NEWS ANALYSISThe task before CIL Chairman Narsing Rao now would be to pilot new FSA at the board meet and operationalise the agreements.
The Coal India Ltd. (CIL) board meeting is scheduled to be held this week to discuss the new FSA (fuel supply agreement). It will be anything but smooth, if past indications are anything to go by. Virtually all the decisions taken at the April meeting will now have to be revisited.
The initial discomfort over an absurdly low penalty for short-supplies (at 0.01 per cent of the value of the shortfall, leviable after three years) had given way to dismay among the user sectors. The draft FSA has sought to protect CIL from virtually every conceivable factor that may disrupt production, ranging from regulatory clearances to equipment failures!
The genesis of the FSA controversy can be traced to the government’s decision to force CIL sign binding contracts with power plants which have entered into long-term power purchase agreements with distribution companies and which have been commissioned or would get commissioned till March 31, 2015. Despite successive meetings, the CIL board could not concur, however.

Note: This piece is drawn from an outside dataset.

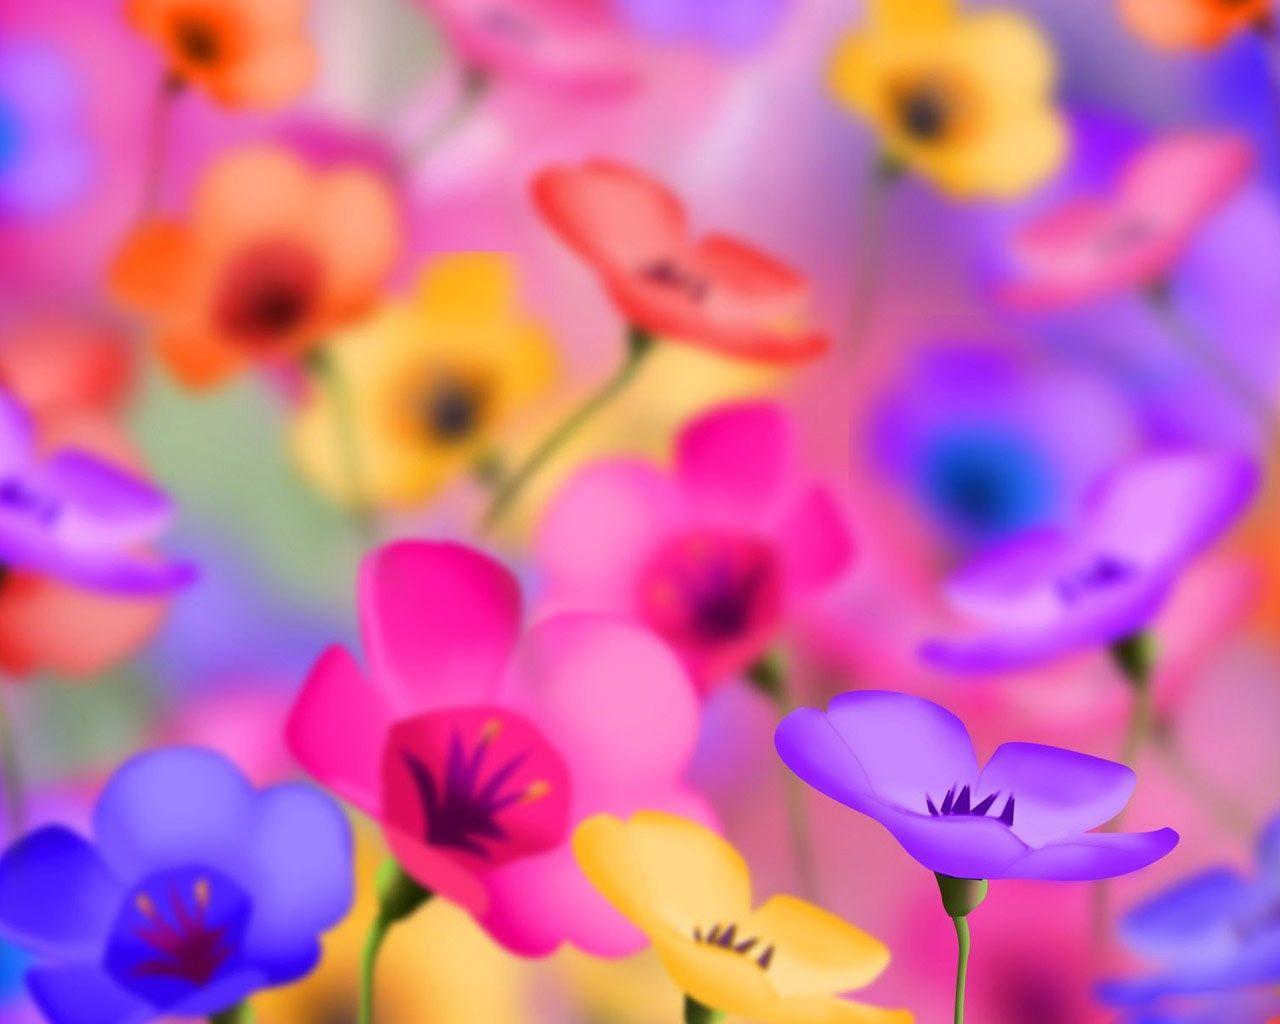 Flower Image For Desktop Background
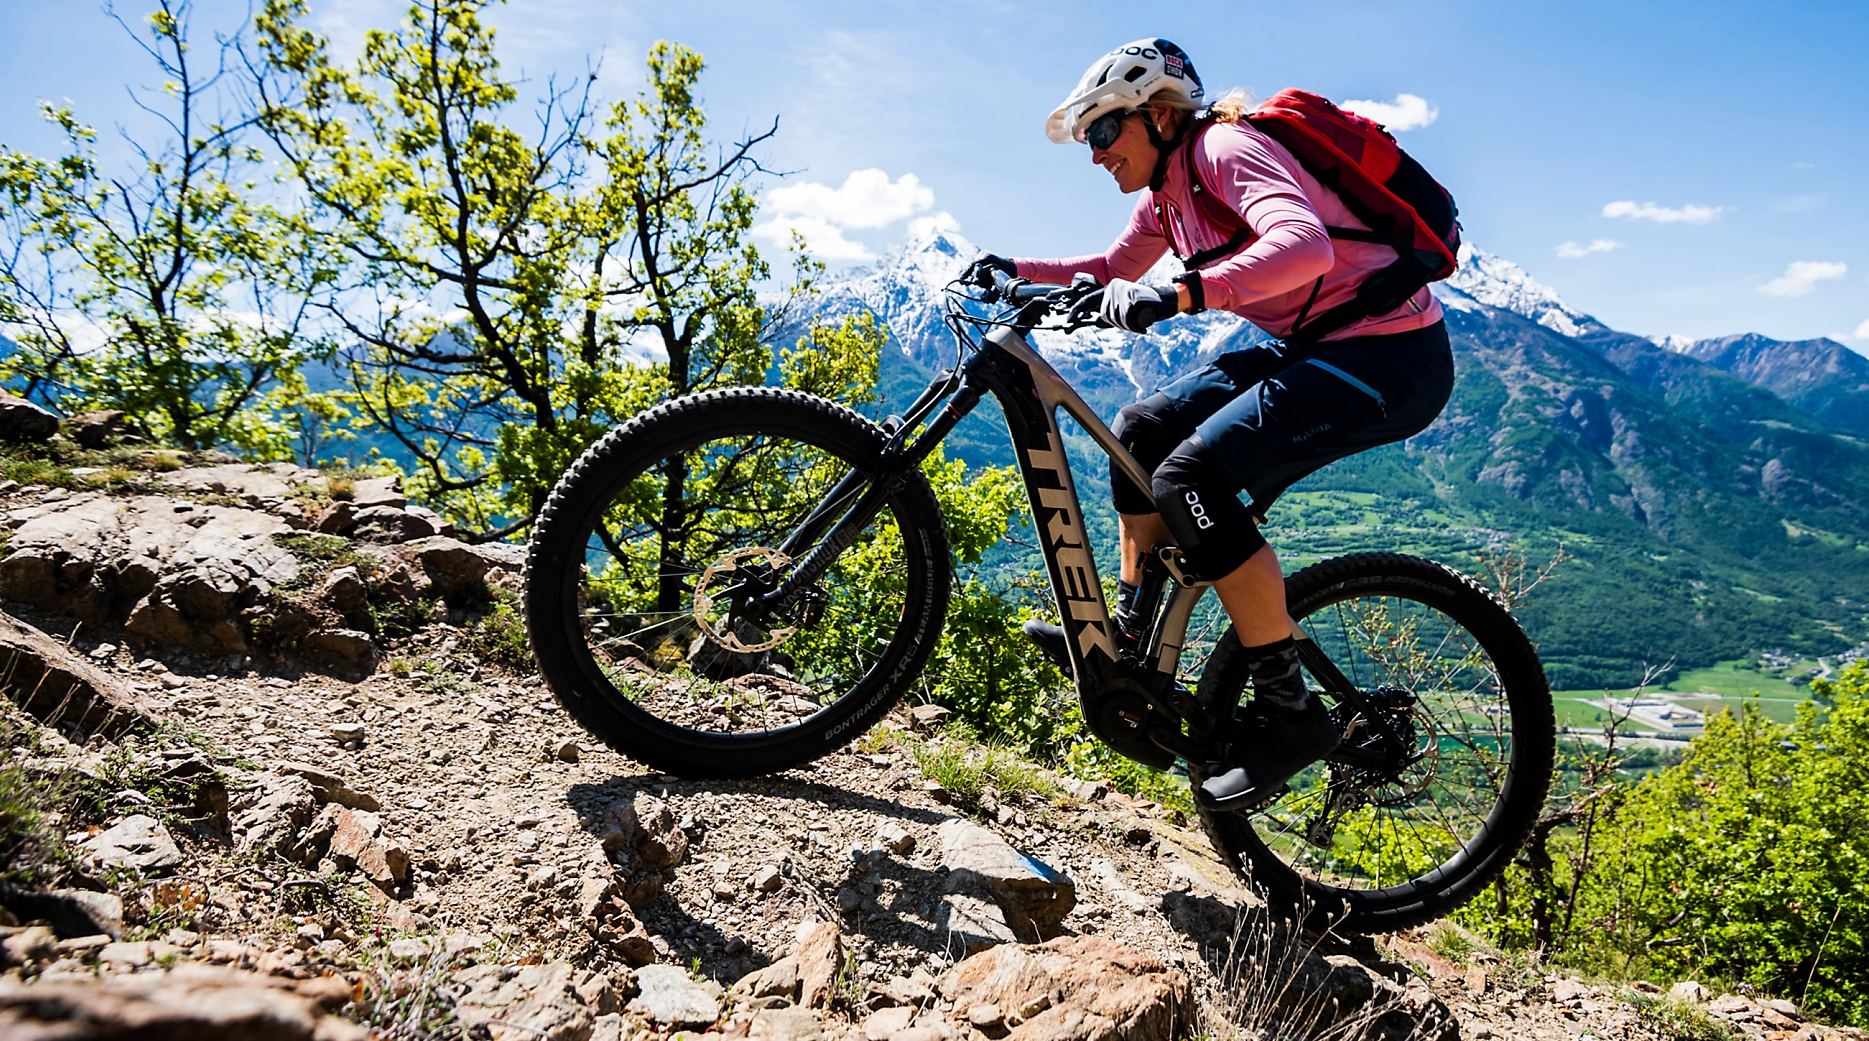 Are Trek mountain bikes good?

So, in an unprecedented action, the Coal Ministry issued a Presidential directive on April 4, seeking implementation of the fuel supply pacts.
CIL’s independent directors raised a voice of dissent against the move to make CIL enter into commitments when its production was not always in its control. Eventually, however, they came around. While experts lauded CIL’s decisions and showered praise on the board for its corporate governance, the draft left CIL tied in knots. The response from the power sector response was tardy, however. NTPC and Damodar Valley Corporation seemed to be in no mood to sign the pact. They sort of suggested that the earlier 2009 draft be used. They dismissed the new draft as a biased agreement. Some said it was unbankable.
Many believe that the absence, at the April 16 meeting, of the present CIL Chairman Narsing Rao (then Chairman-designate) despite being a special invitee was a deft attempt to avoid being party to any decision in which he has had no role. Publicly, he stood behind the board after taking charge on April 23, but hectic parleys were held to find a way out. The present formula then evolved. However, by the time it could be presented before the Prime Minister’s Office (PMO), the change of secretary to the Coal Ministry threatened to derail the plans. That did not happen as the PMO officials were convinced that CIL was not in a position to produce at a high level. And, the new draft gained acceptance. It stipulates that out of its 473 mines, in a best effort situation, CIL should be able to meet 60 per cent of its production target which could increase to 65 per cent and then to 80 per cent in the fourth year. “No penalty system has been devised but no lapse is acceptable either. Penalties would be levied only after the fifth year,” an official said.
The task before Mr. Rao now would be to pilot this new FSA at the board meet and operationalise the agreements.